Frost’s poem also undermines it, though. In “The Gift Outright,” “freedom’s story” doubts happy endings. The conclusion exposes parallel uncertainties about “the land”: “such as she was, such as she would become.” Wary of what has been, the line is necessarily wary of what is to be, because any future will rewrite the past. Both include, therefore, the poem’s racist assumption of a white, European, landowning “we” and its racist ignorance of how the same Europeans worked to eradicate Native American culture and perpetuate slavery. The very crudity of Frost’s trundling, plain-spoken, mostly end-stopped lines betrays insecurity rather than confidence about “civilization,” wonder rather than scorn at a supposedly “artless” and “unenhanced” continent. (Marit MacArthur, in her analysis of the poem, is acute on these ambiguities.) Frost’s “vaguely realizing westward” could be hesitant as well as indistinct. It’s not surprising that this poem was probably begun in depression-ridden Key West; MacArthur, citing Robert Faggen and Lawrance Thompson, suggests 1935. “The Gift Outright” doesn’t wholeheartedly believe in national triumph or national progress.

“For John F. Kennedy’s Inauguration” could fix all that, lending “Gift” some inaugural certainty after (in Frost’s words) “the greatest vote a people ever cast.” But thwarted by the glare of the sun, at the age of 86, Frost had to abandon his reading of those purpose-written lines. He instead spoke “The Gift Outright” from memory. Perhaps in compensation, he altered the final phrases: “such as she would become, has become, I—for this occasion let me change that to—what she will become.” As Jay Parini recounts in his Frost biography, Kennedy had already asked for a similar change when he asked the poet to read. Mike Chasar, in Poetry, describes how Frost’s impromptu oral revision “contributed to—perhaps even saved—an otherwise highly scripted moment.” But it also simplified that moment to conform to a patriotic script: will, not would. (In the poem’s earliest publication, as Ted Genoways points out, Frost used the more hesitant might.) Inaugurations need an optimistic vocabulary.

Frost’s inaugural words weren’t the last ones, though. “The Gift Outright” endures in the version reproduced here.

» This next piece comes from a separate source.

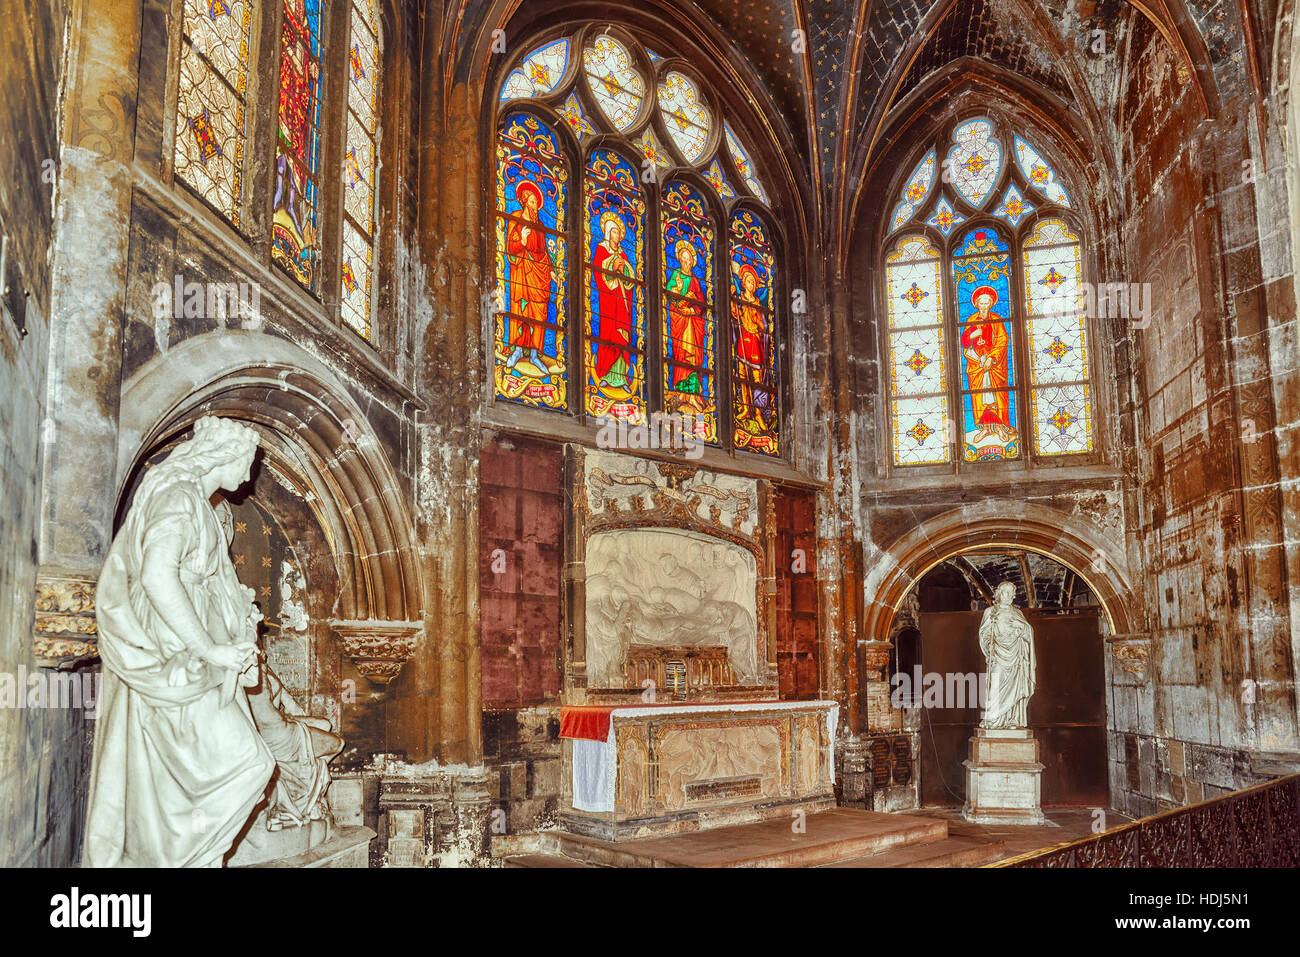 París, Francia - Julio 06, 2016 : cristal SStained dentro de Saint-Germain l'Auxerrois iglesia, cerca del Louvre. Su construcción en época romana, gótica y Renaissanc Foto de stock

And other poets have capitalized on its problems, on what it says not only about American politics but also about political poeticizing. They use the uncertain occasion Frost keeps offering; they pay tribute in further questions.

In “Gold,” for example, Paul Muldoon thinks particularly about the January inauguration, purporting to Frost at the podium a self-ironizing that allows Muldoon his own jabs. The same poet who praised a “golden age of poetry and power,” Muldoon points out, had already written that “nothing gold can stay.” Certainly the “golden” age that began in January 1961 did not last long. Kennedy was killed in November 1963, at which time Frost had been dead for 10 months. Muldoon knows that a vague realization westward, the direction in which Irish writers could find authenticity and American writers aggrandizement, shambles toward inevitable mortality. Think of the end to Joyce’s “The Dead,” when Gabriel realizes that it’s time to set out on his “journey westward.” Even the most brilliant move down to dusk.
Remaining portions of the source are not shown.